I colossi del web non sono immuni da flop. Agli annunci in pompa magna di nuovi servizi non sempre seguono i successi sperati: i casi emblematici di Google, Facebook e Amazon
di Alessandro Alongi
Non tutte le ciambelle riescono con il buco. E neanche tutti i “chip”. Non basta, infatti, chiamarsi Facebook, Apple o Microsoft per sfornare idee sempre all’avanguardia e conseguire vendite stratosferiche. Anche i giganti del web, infatti, inciampano. E quando lo fanno mandano in fumo investimenti milionari.
«La macchina pubblicitaria della Silicon Valley ha creato questo mito che i visionari riescono a creare facilmente il futuro, ma non sempre ciò accade». A dichiararlo l’imprenditore statunitense Astro Teller, chiamato da Google a dirigere i laboratori di ricerca del motore di ricerca più famoso del mondo, opificio di innovazione non immune dai fallimenti.

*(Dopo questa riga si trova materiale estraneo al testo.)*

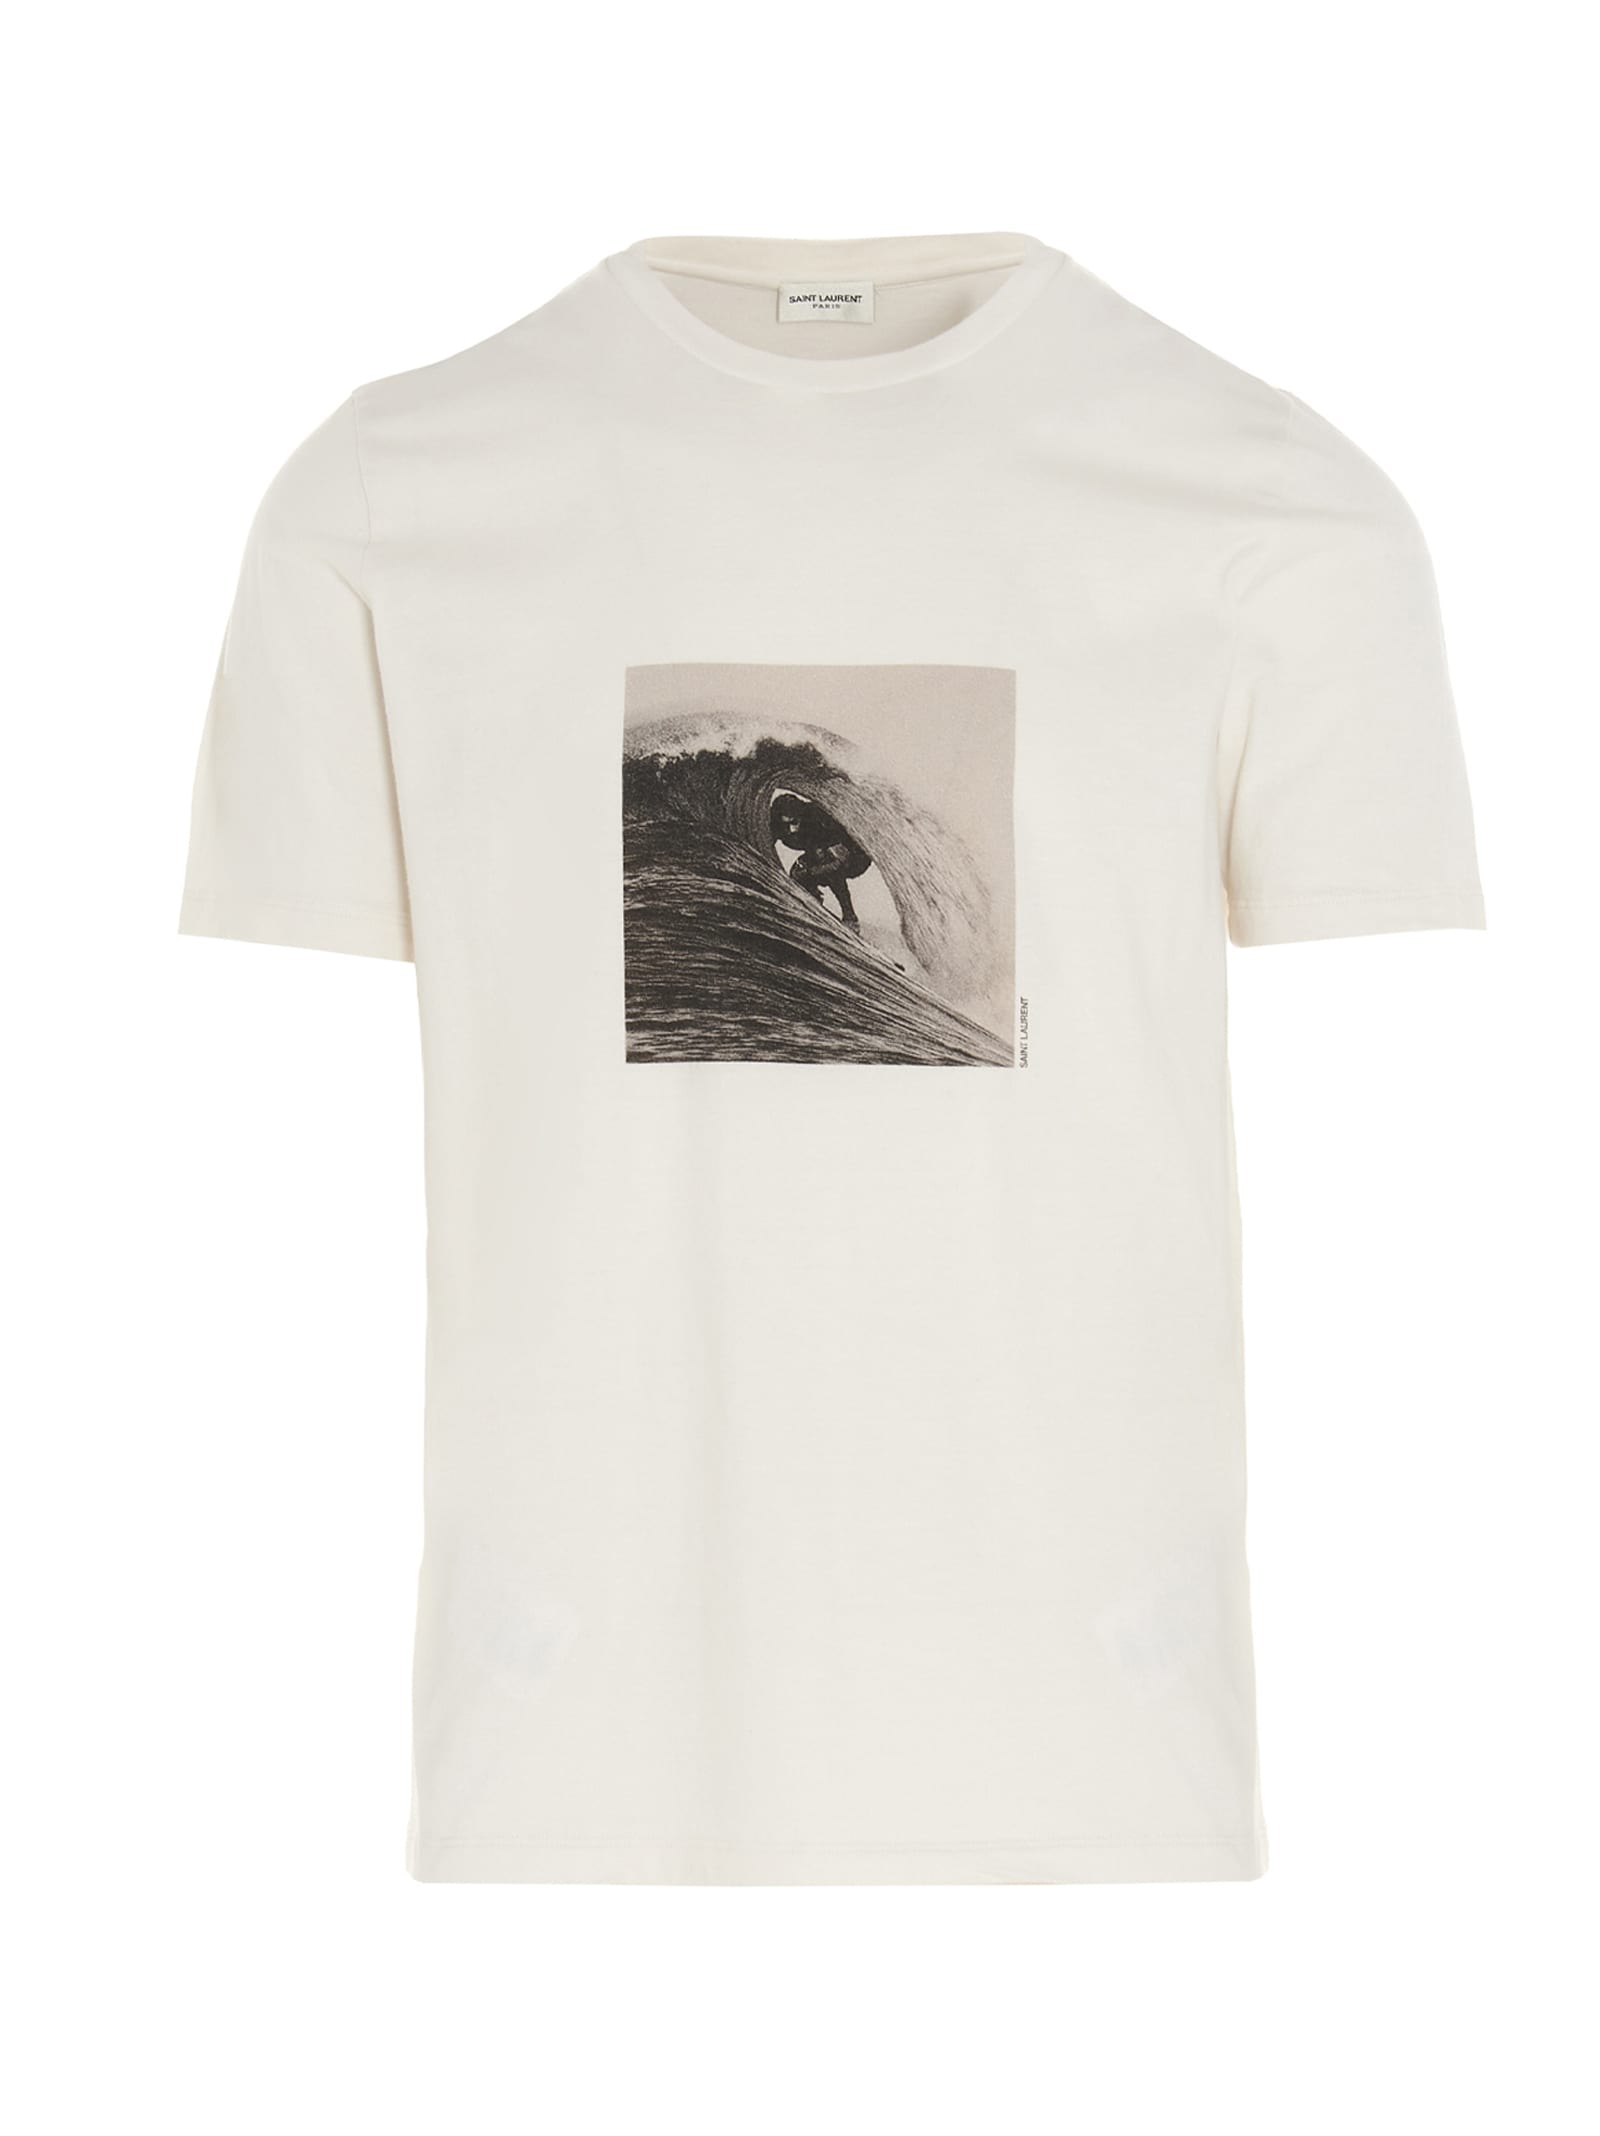 Saint Laurent surfer T-shirt

Ultima, ma solo in ordine cronologico, la decisione del gigante di Mountain View di mettere la parola fine al social network Google+ che, oltre a non aver mai catturato l’attenzione degli utenti (solo uno su dieci ha postato qualcosa negli ultimi anni), si è scoperto pure essere pericoloso sotto il profilo della privacy: è stata recentemente scoperta, infatti, una falla nel software alla base della piattaforma che ha messo a rischio i dati di 500 mila utenti (a cui va aggiunta una possibile sanzione per non aver comunicato in tempo il data breach). Da opportunità mancate a buco nero nei conti del gigante della Silicon Valley il passo è breve. In realtà l’azienda di Larry Page è recidiva sul tema. Il predecessore di Google+, Google Buzz, aveva provato a scalzare Facebook e Twitter dal cuore degli utenti, senza però particolare successo. Stessa fine per Reader, un aggregatore di notizie e aggiornamenti, chiuso formalmente nel 2013.
Non solo servizi virtuali – ma anche investimenti reali – che, per un motivo o un altro, non hanno prodotto i successi sperati da Big G. È il caso delle Vertical farms, ovvero vere e proprie aziende agricole estese, però, in verticale, con coltivazioni indoor sviluppate su un substrato inerte in vasi impilati uno sopra l’altro. Tale sistema di piantagioni intensive dovevano essere capaci, almeno nella mente di Google, di risolvere il problema della fame nel mondo. Peccato che riso e grano hanno dimostrato di non crescere in tal modo, decretando la fine del progetto, cestinato da Teller e dal suo team.
Avviene questo e altro all’interno di “X”, una struttura gestita da Google chiamata ad occuparsi di sviluppare importanti innovazioni tecnologiche. Il laboratorio si propone di inventare «soluzioni che sanno di fantascienza». Nato nel 2010, tra gli studi condotti lo sviluppo di un’automobile a guida automatica, lenti a contatto che monitorano gli occhi e sistemi di intelligenza artificiale neuronale per il riconoscimento visivo, e i cui successi saranno tutti da verificare prossimamente.
Nella lista dei fallimenti vanno menzionati anche i Google Glass, occhiali “smart” in grado di proiettare pagine web, controllare i social network o visualizzare lo stradario di Google Maps. Prezzo elevato, problemi tecnici e rischio privacy alla base dello stop al progetto: i gestori di bar e ristoranti hanno manifestato seri dubbi sulla riservatezza, vietando l’ingresso ai clienti con gli occhiali digitali per timore di registrazioni video non autorizzate a quanti sorseggiavano una birra o sgranocchiavano noccioline seduti, ignari, al bancone.
Ma non è solo Google a leccarsi le ferite. Anche Facebook ha registrato diversi stop a progetti apparentemente innovativi. Tra le creature di Mark Zuckeberg a finire nel dimenticatoio Facebook phone, un nuovo telefono firmato dal popolare social, in buona compagnia con il Fire phone di Amazon, stessa idea, medesimo insuccesso. Su questo segmento di mercato Samsung e Apple sembrano insuperabili, anche se l’azienda di Cupertino deve fare i conti con le vendite ampiamente al di sotto del suo iPhone 5c, telefono che doveva rivoluzionare l’user experience dei propri clienti. Realizzato interamente di plastica, colorato e costoso, il dispositivo non è mai entrato nelle grazie dei clienti. «Il fallimento è fondamentale, e renderlo accettabile è l’unico modo per convincere le persone a lavorare su progetti grandiosi, rischiosi e su idee audaci» ha ricordato Teller a chi faceva notare le tante promesse mancate. Sarà forse per questo, come l’esperienza insegna, che il fallimento peggiore è il non averci mai provato.